Your output should match the listing below word for word, without any images.

### DATA EXTRACT
--------------------------------------------------

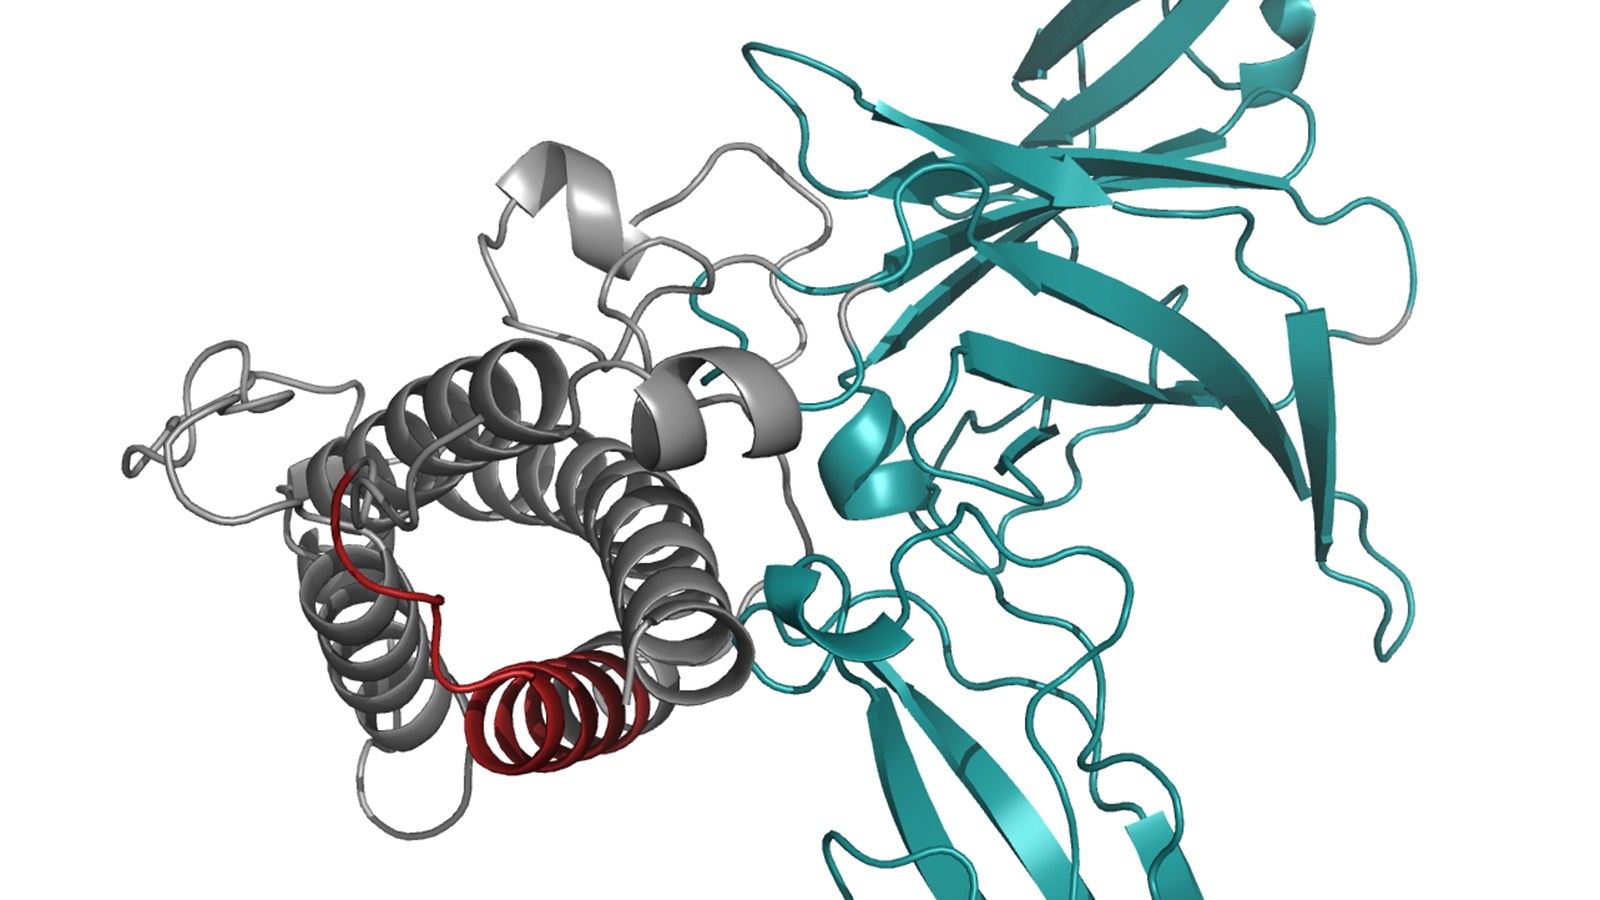 Structure of the of the signal protein interleukin 23.
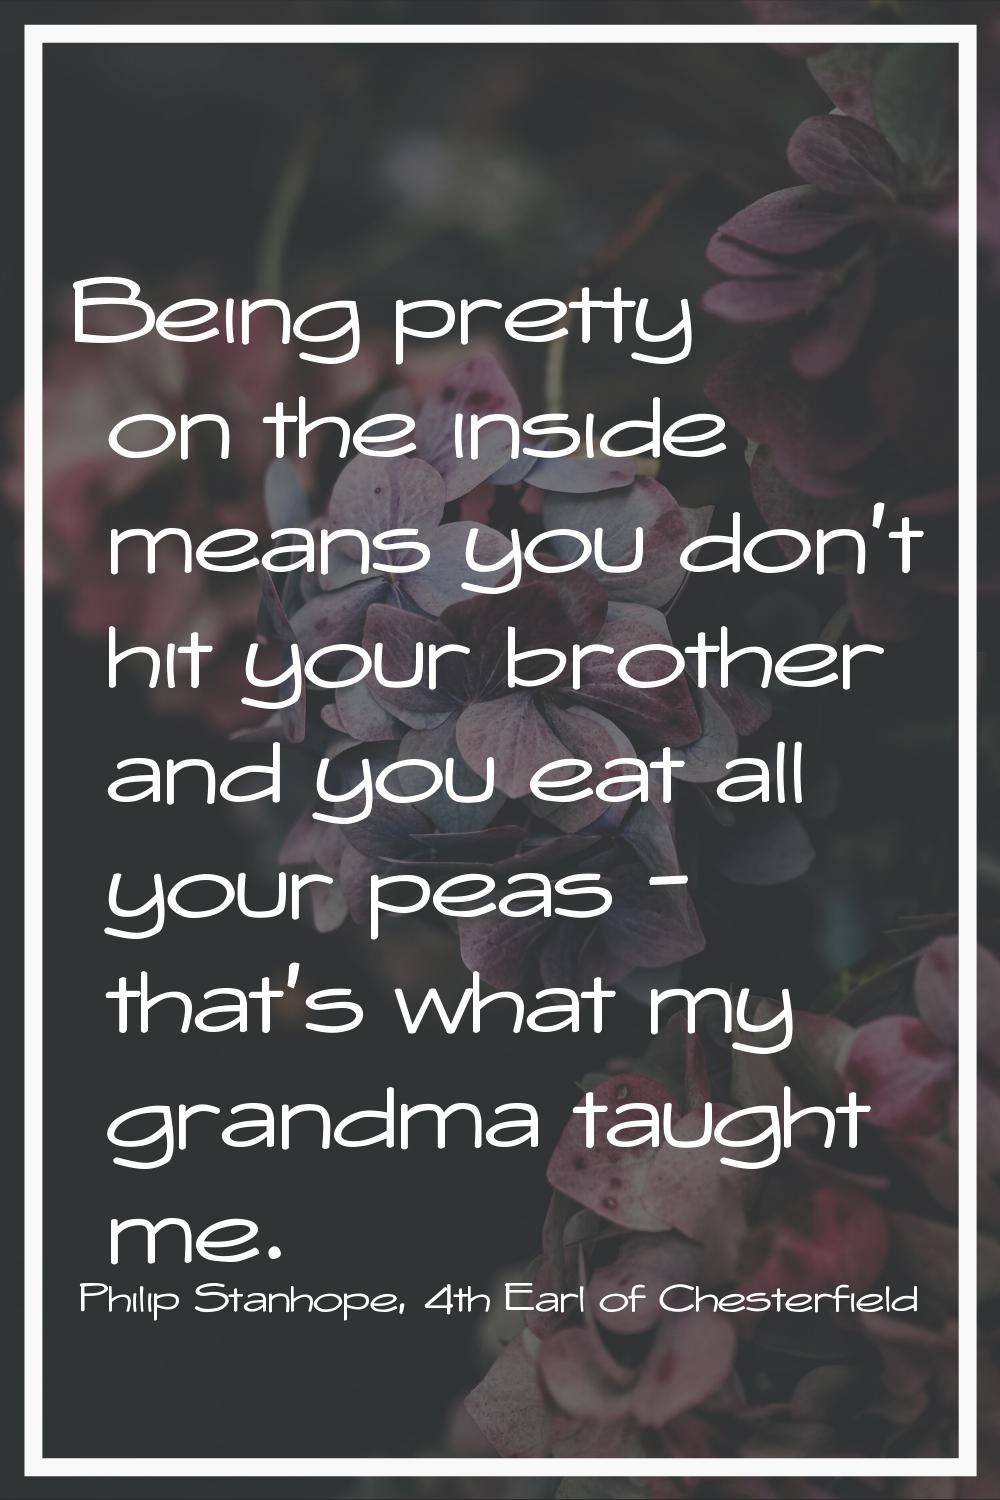 Being pretty on the inside means you don't hit your brother and you eat all your peas - that's what
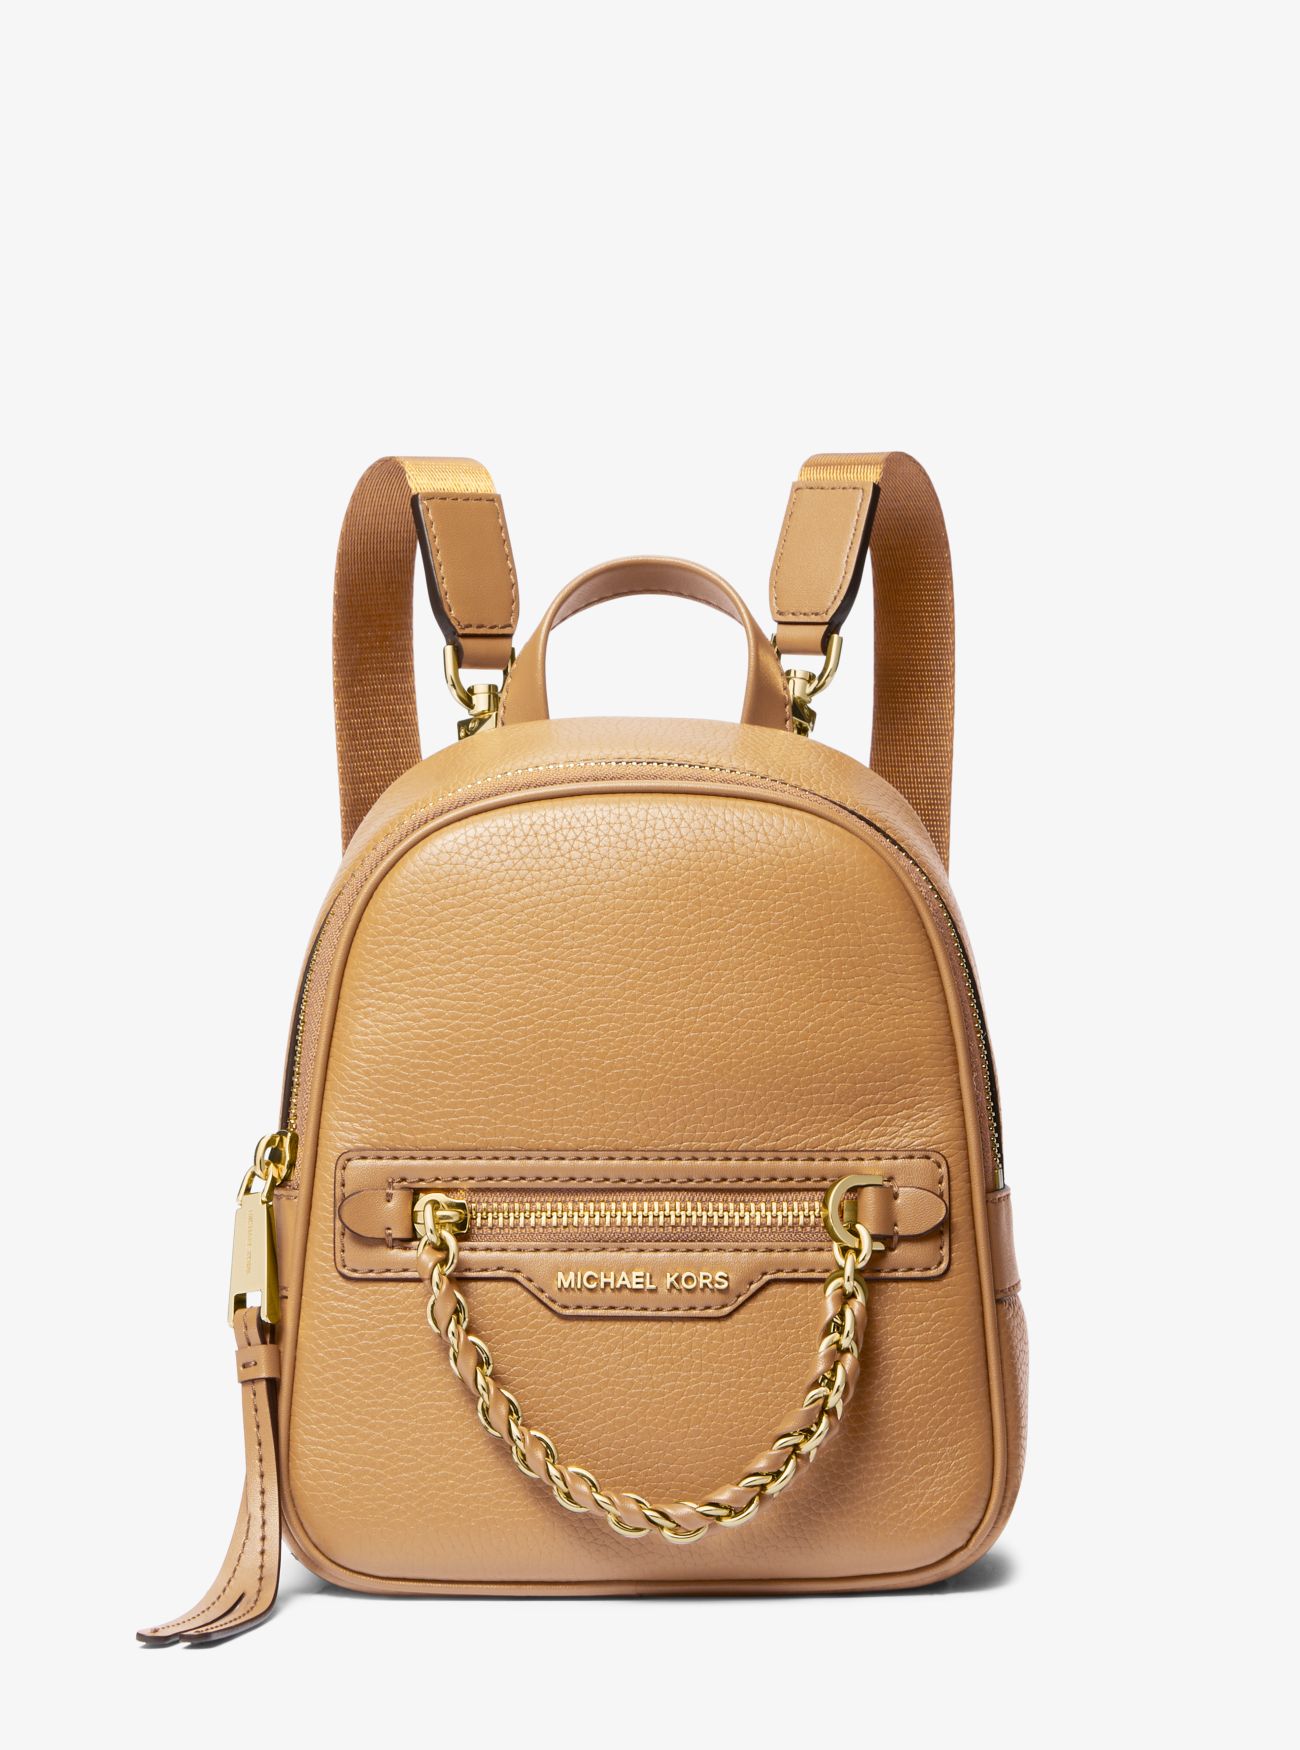 MK Elliot Extra-Small Pebbled Leather Backpack - Camel - Michael Kors

--------------------------------------------------

### THE COMPLETED TASK
 Structure of the of the signal protein interleukin 23.
 Being pretty on the inside means you don't hit your brother and you eat all your peas - that's what
 MK Elliot Extra-Small Pebbled Leather Backpack - Camel - Michael Kors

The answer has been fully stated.